§ **REQUIRED ACTION**
Each line below should be repeated exactly as written, with no pictures carried over.

§ **DATA**
- - -
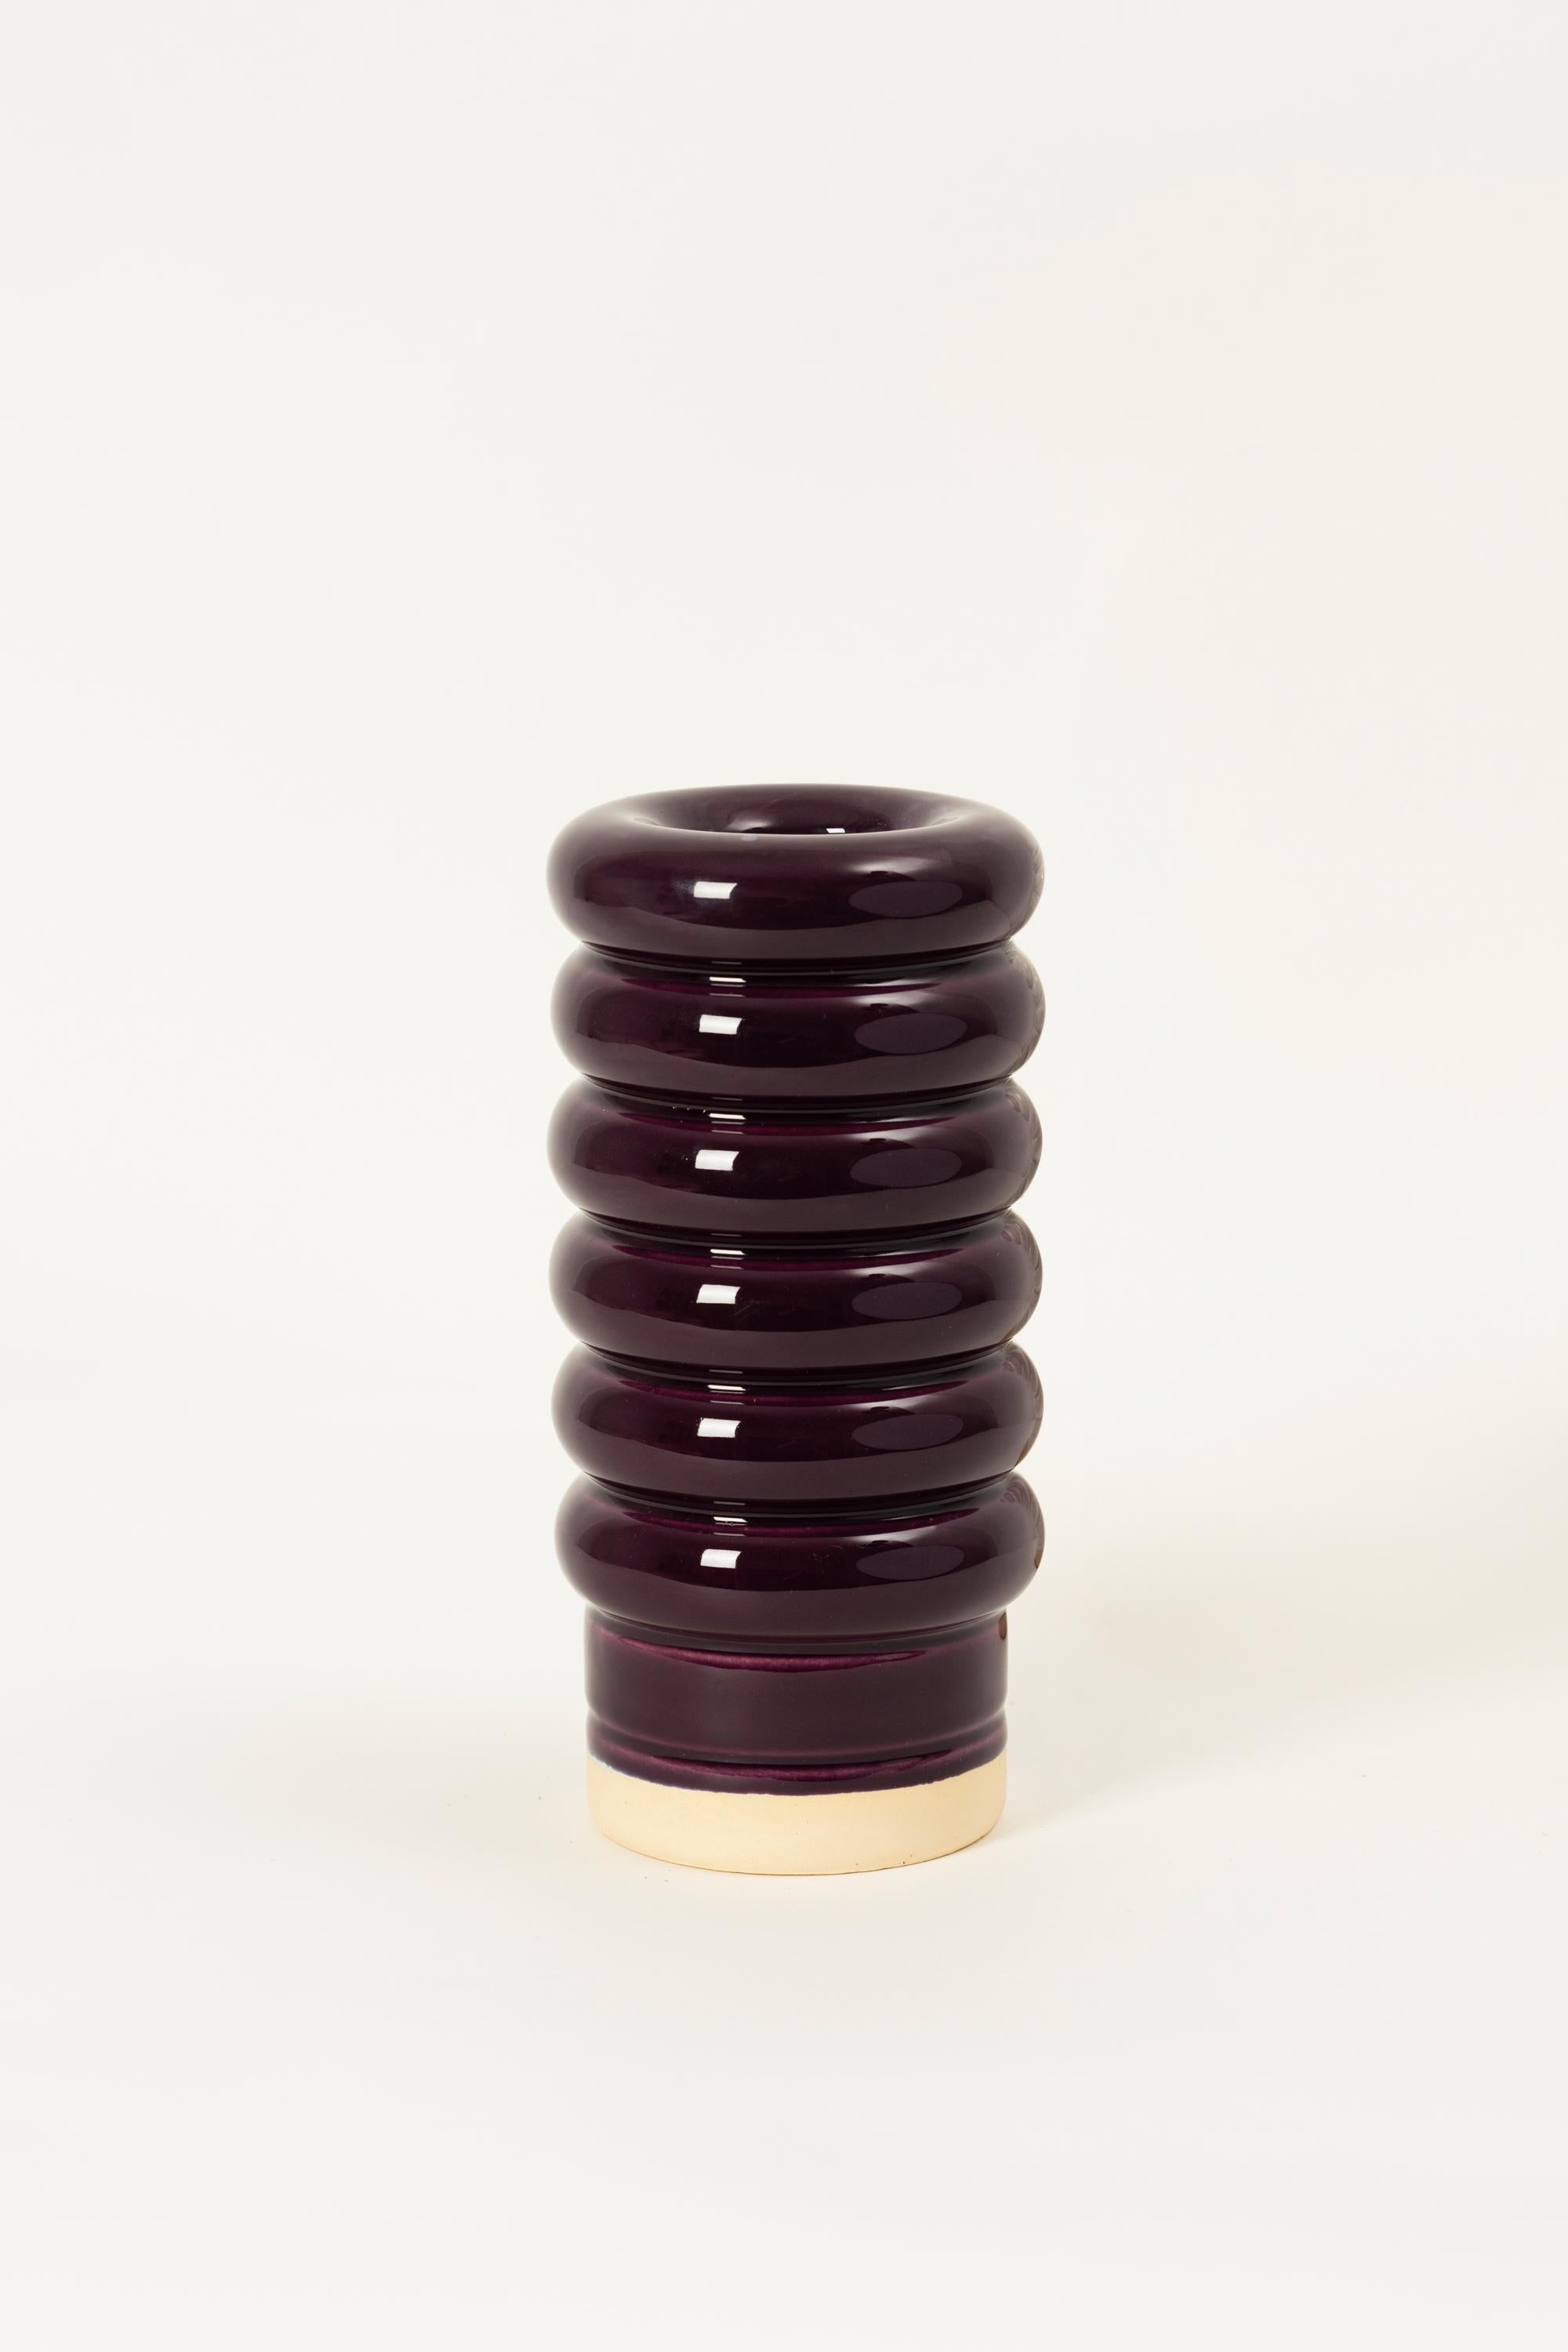 Eine kleine Vase mit einer einzigartigen Form A, die aus sechs Brezeln und einem kontrastierenden Sockel besteht. Die Vase NANA bringt jeden Blumenstrauß wunderschön zur Geltung, dessen Schönheit durch die auffällige Farbe der Vase noch
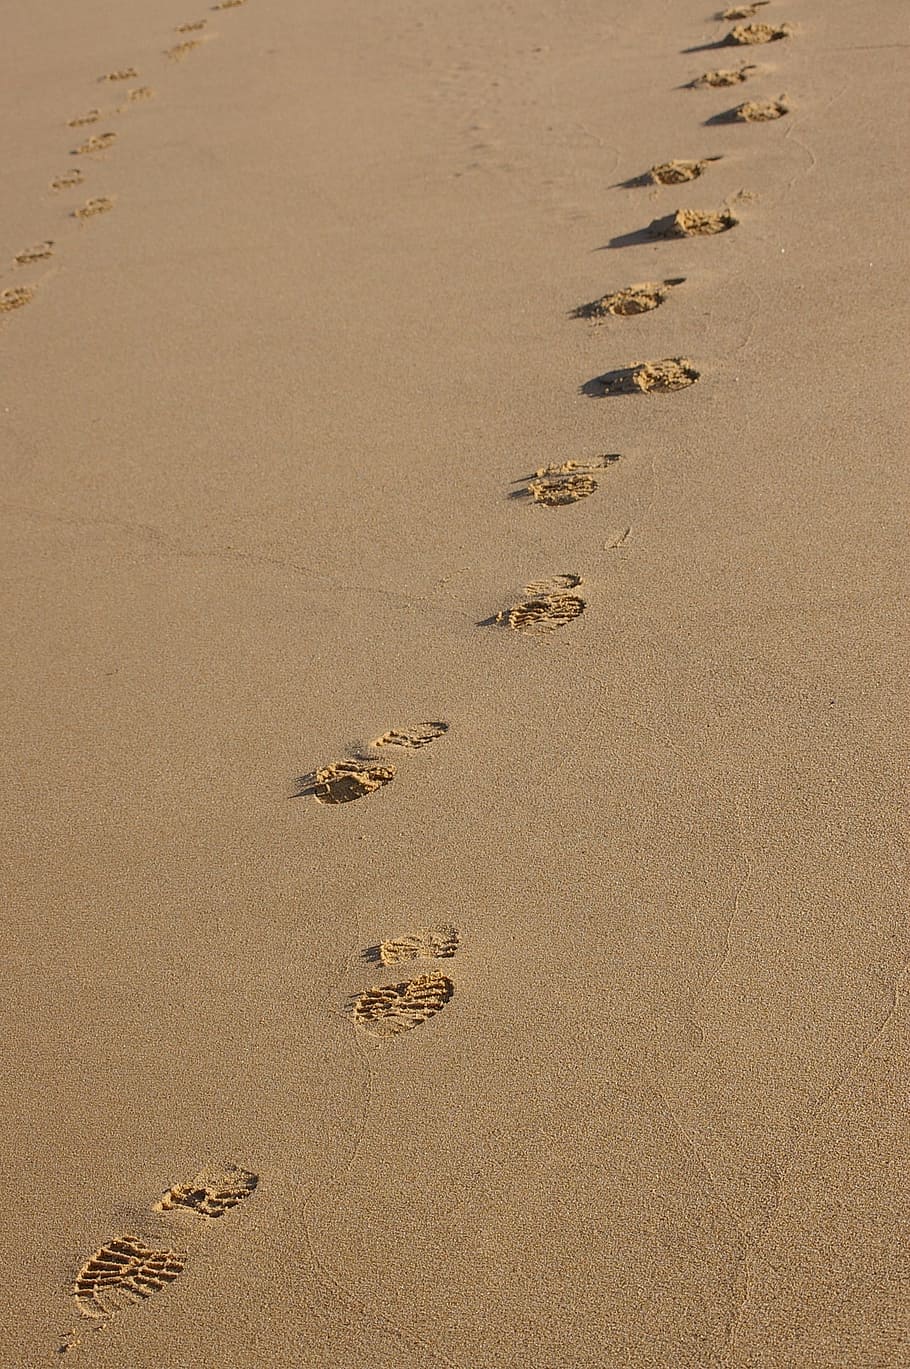 Текст следы на песке. Следы на песке. Следы на песке у моря. Следы на пляже. Пляж песок.
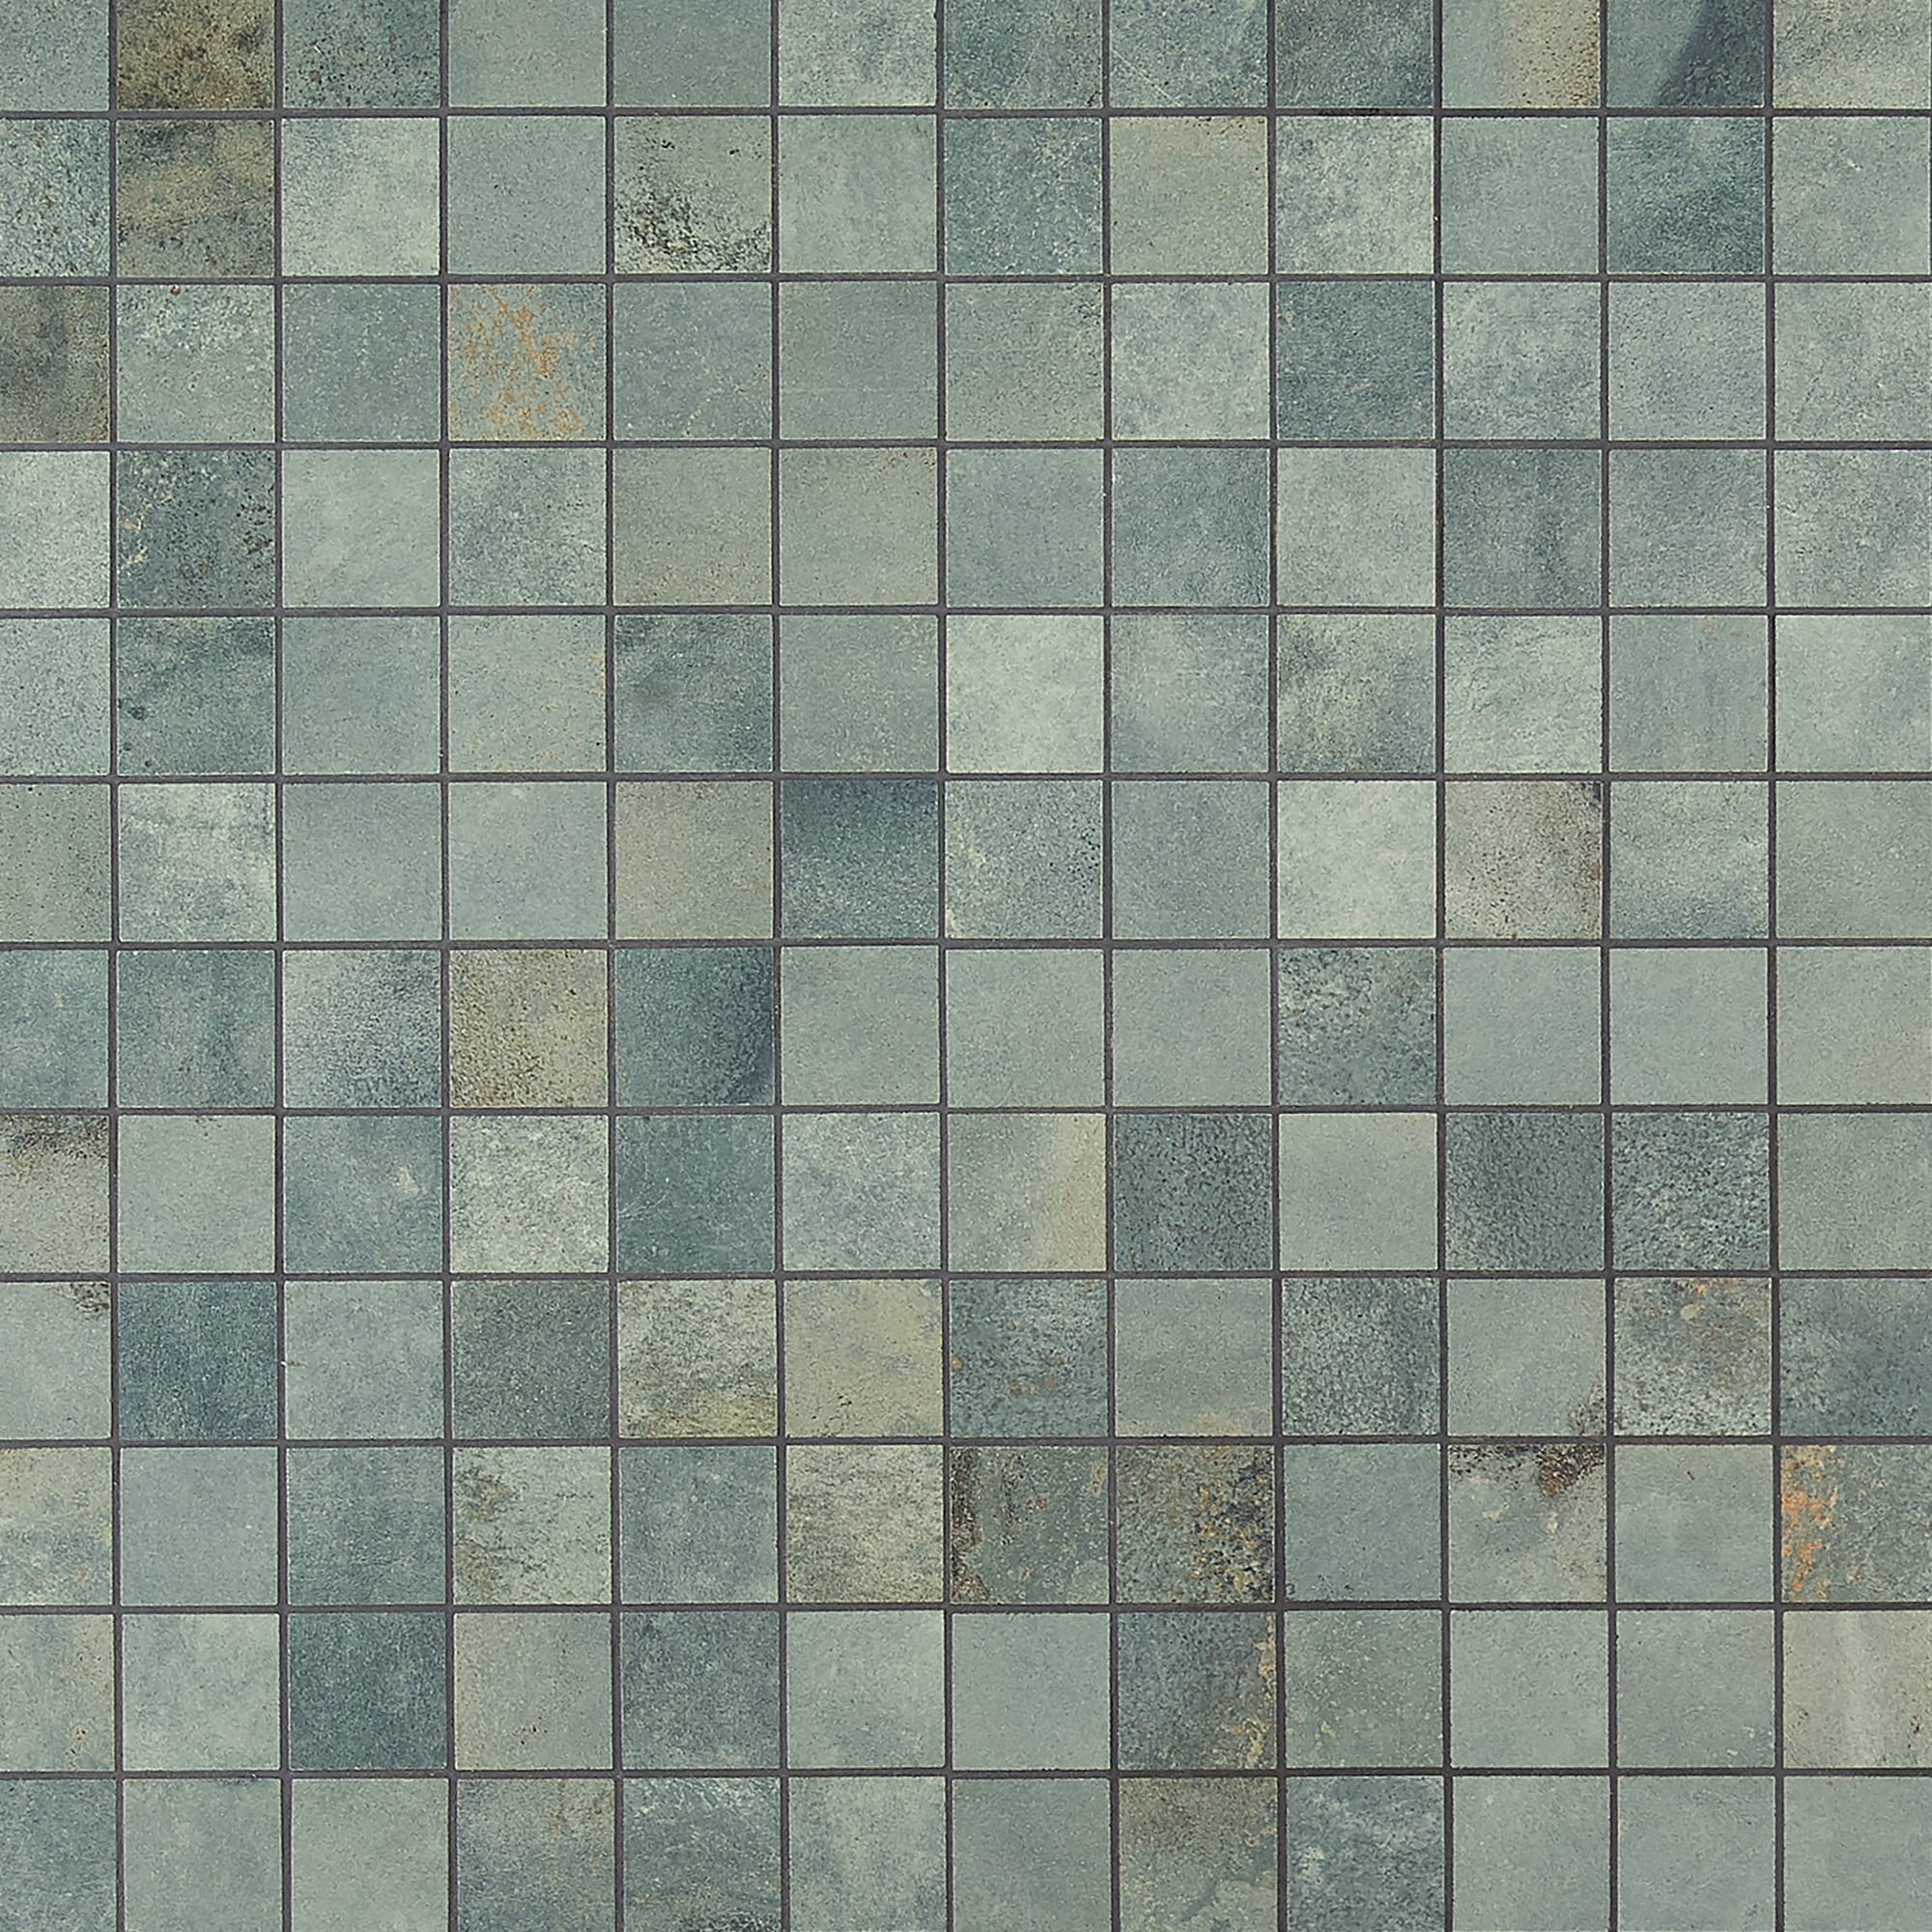 Checkered floor tile -  España
- - -
§ **EXERCISE SOLUTION**
 Eine kleine Vase mit einer einzigartigen Form A, die aus sechs Brezeln und einem kontrastierenden Sockel besteht. Die Vase NANA bringt jeden Blumenstrauß wunderschön zur Geltung, dessen Schönheit durch die auffällige Farbe der Vase noch
 Текст следы на песке. Следы на песке. Следы на песке у моря. Следы на пляже. Пляж песок.
 Checkered floor tile -  España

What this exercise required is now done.